DATA BLOCK:

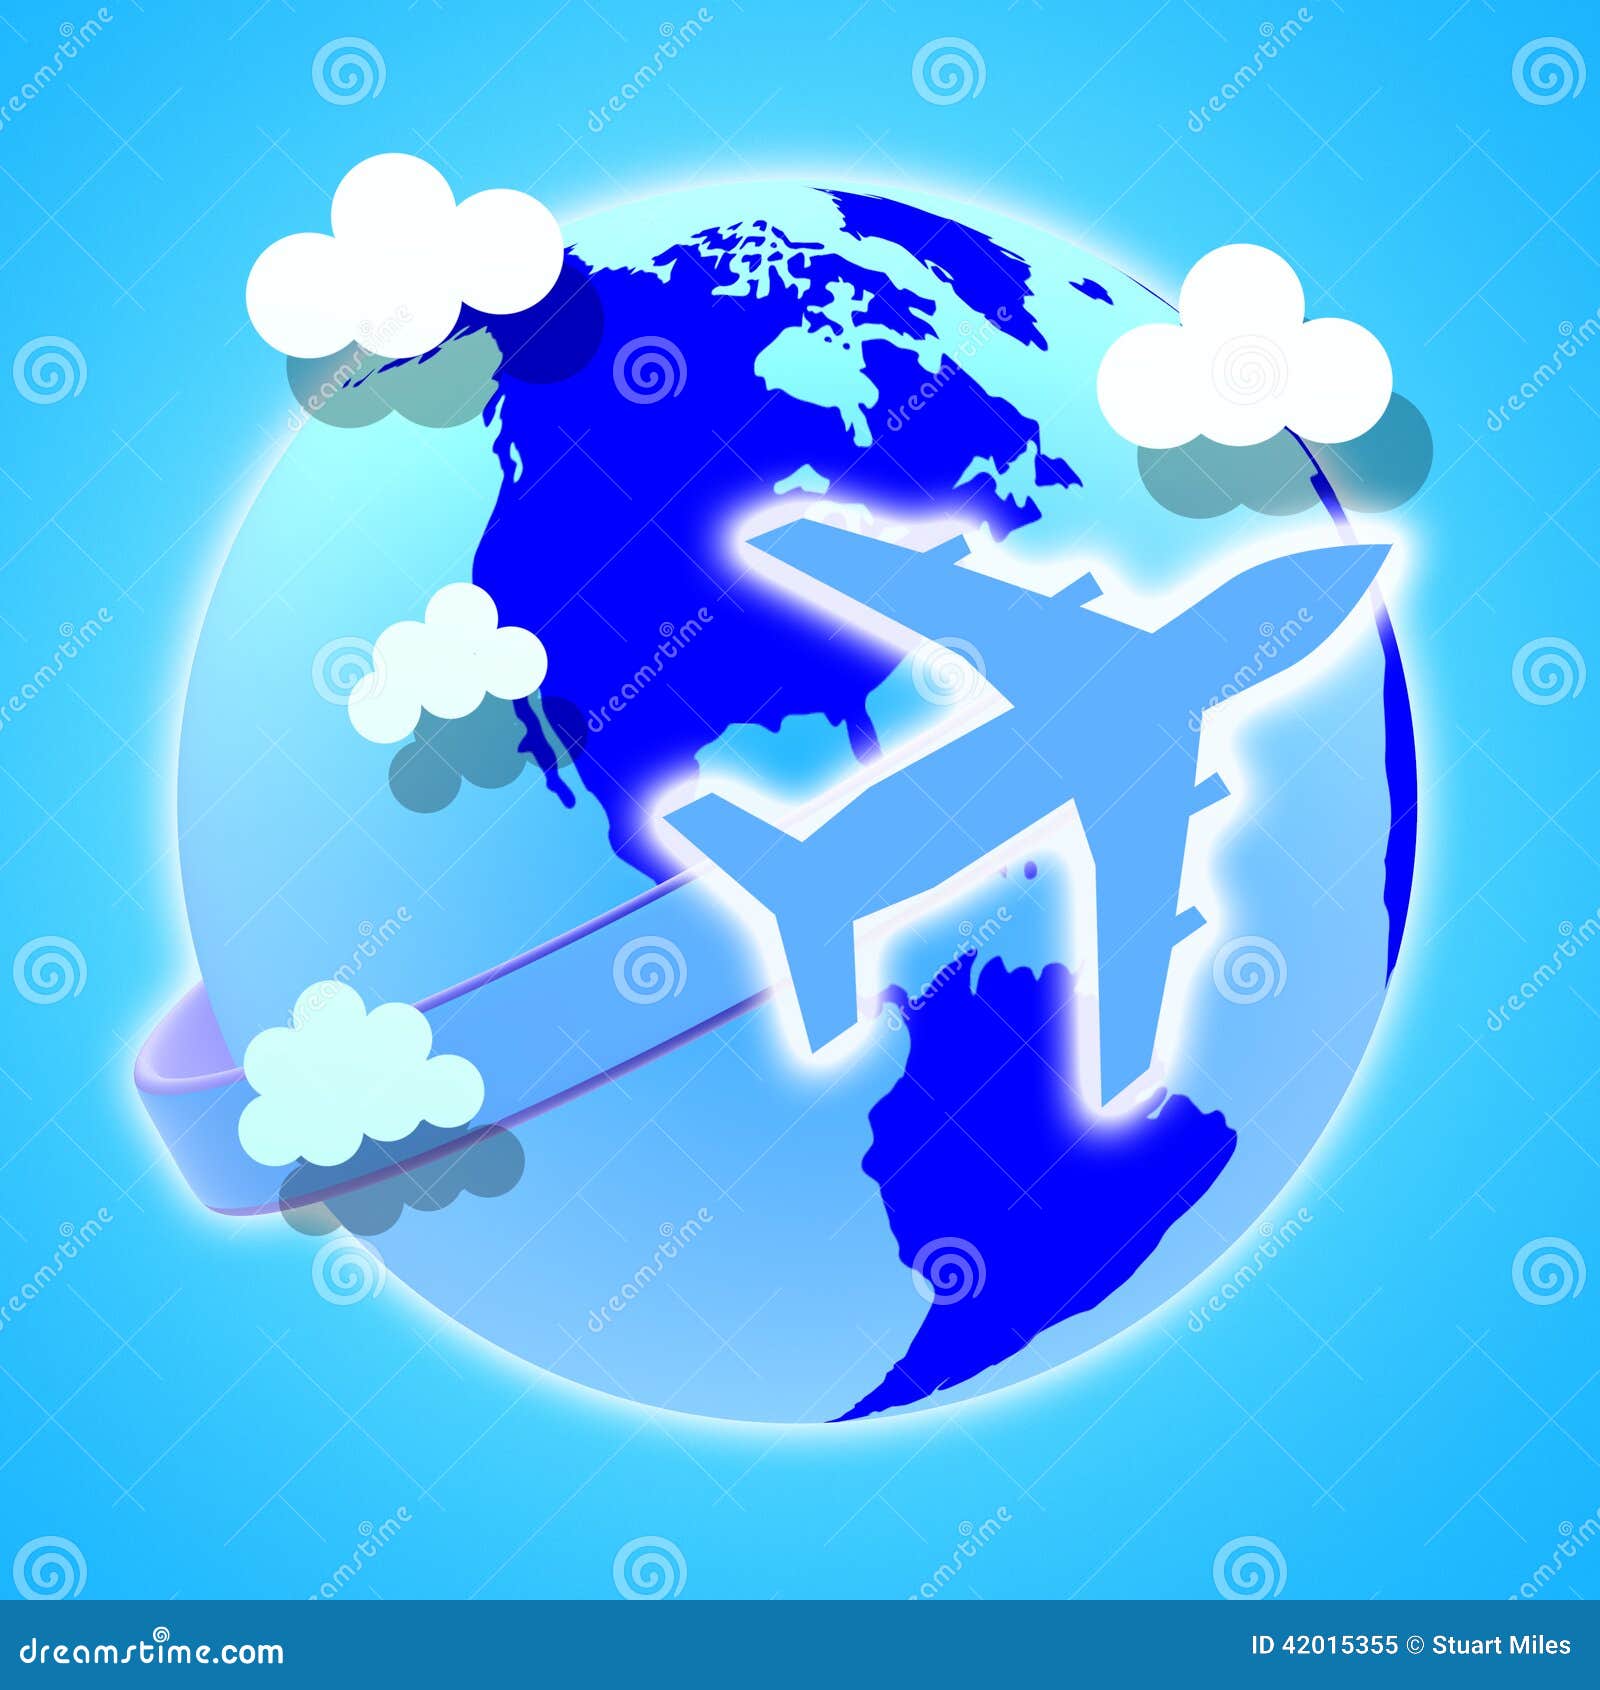 Flights Global Means Travel Guide and Worldly Stock Illustration ...
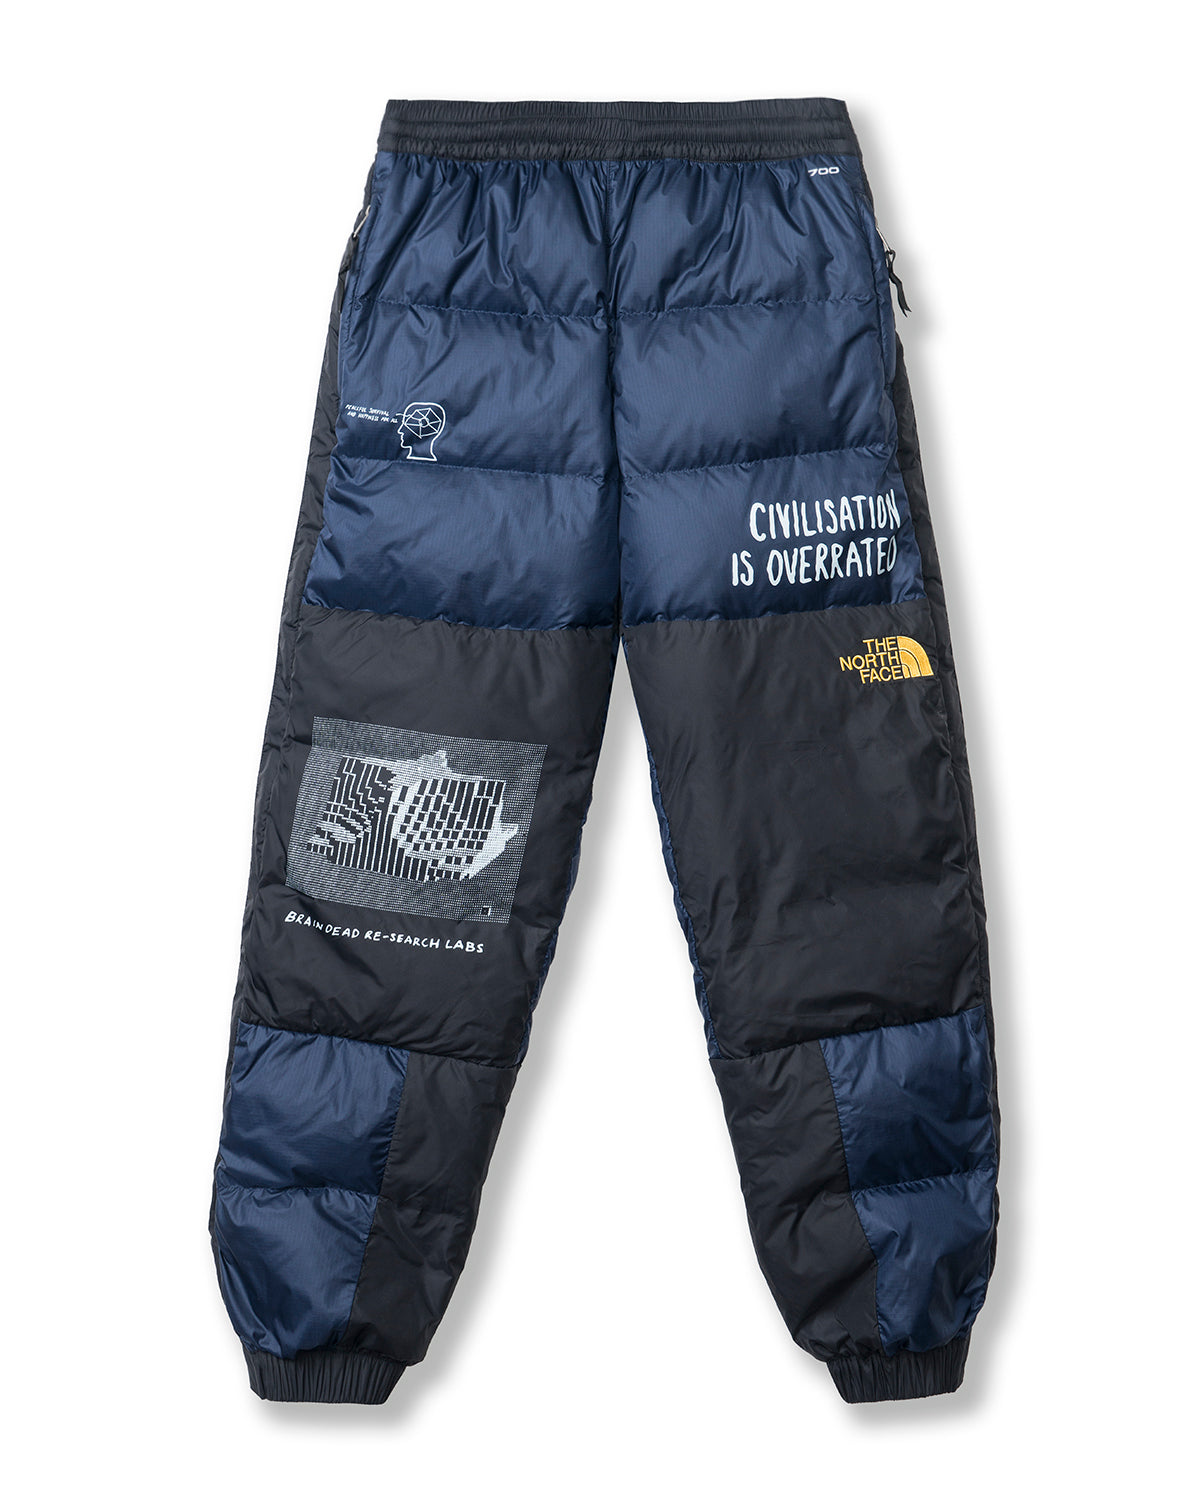 north face puffer pants Cheaper Than 
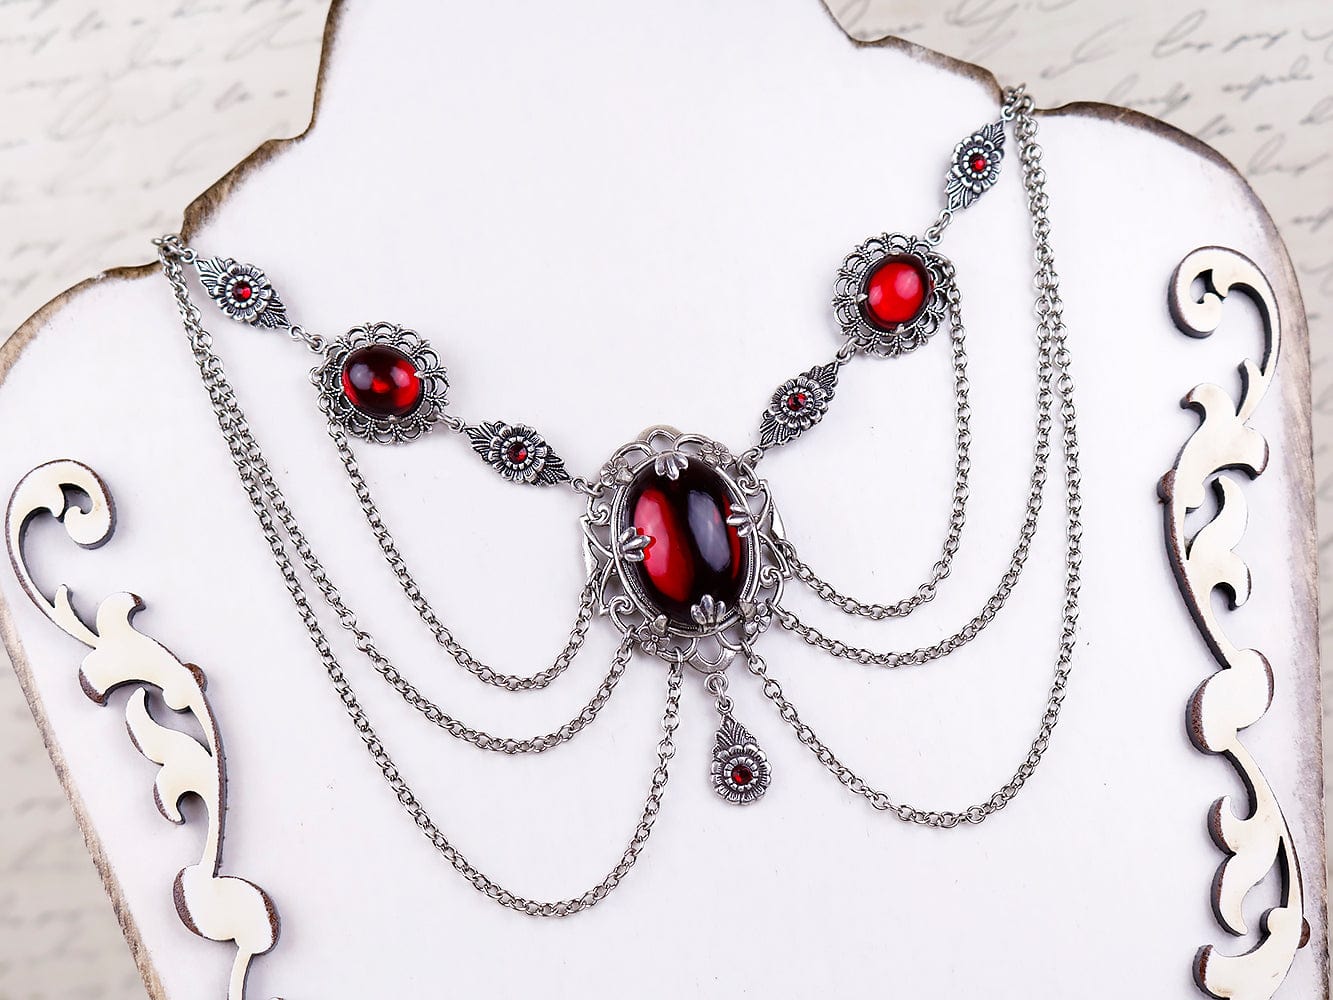 Drucilla Necklace in Garnet and Antiqued Silver by Rabbitwood and Reason
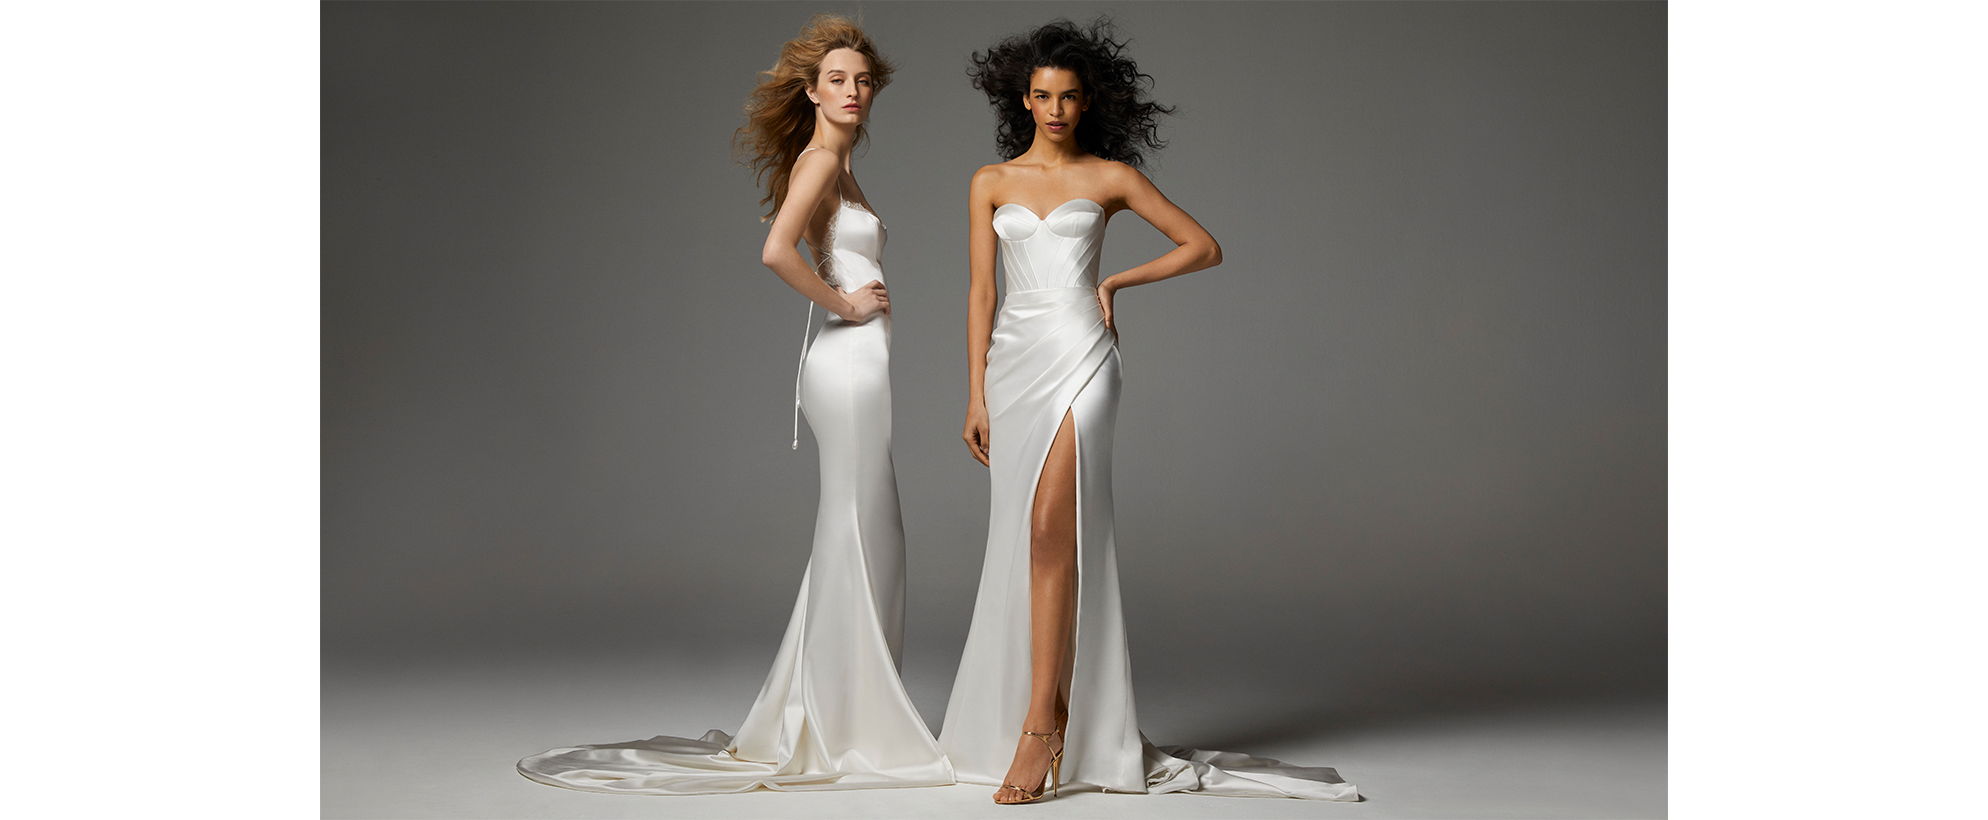 Strapless bridal dresses "Leone" and "Yamilla" of the Ines Di Santo Spring 2022 Bridal Couture Collection

TASK BRIEF: Omit the images; transcribe the listing verbatim.

TASK RESPONSE:
 Flights Global Means Travel Guide and Worldly Stock Illustration ...
 north face puffer pants Cheaper Than 
 Drucilla Necklace in Garnet and Antiqued Silver by Rabbitwood and Reason
 Strapless bridal dresses "Leone" and "Yamilla" of the Ines Di Santo Spring 2022 Bridal Couture Collection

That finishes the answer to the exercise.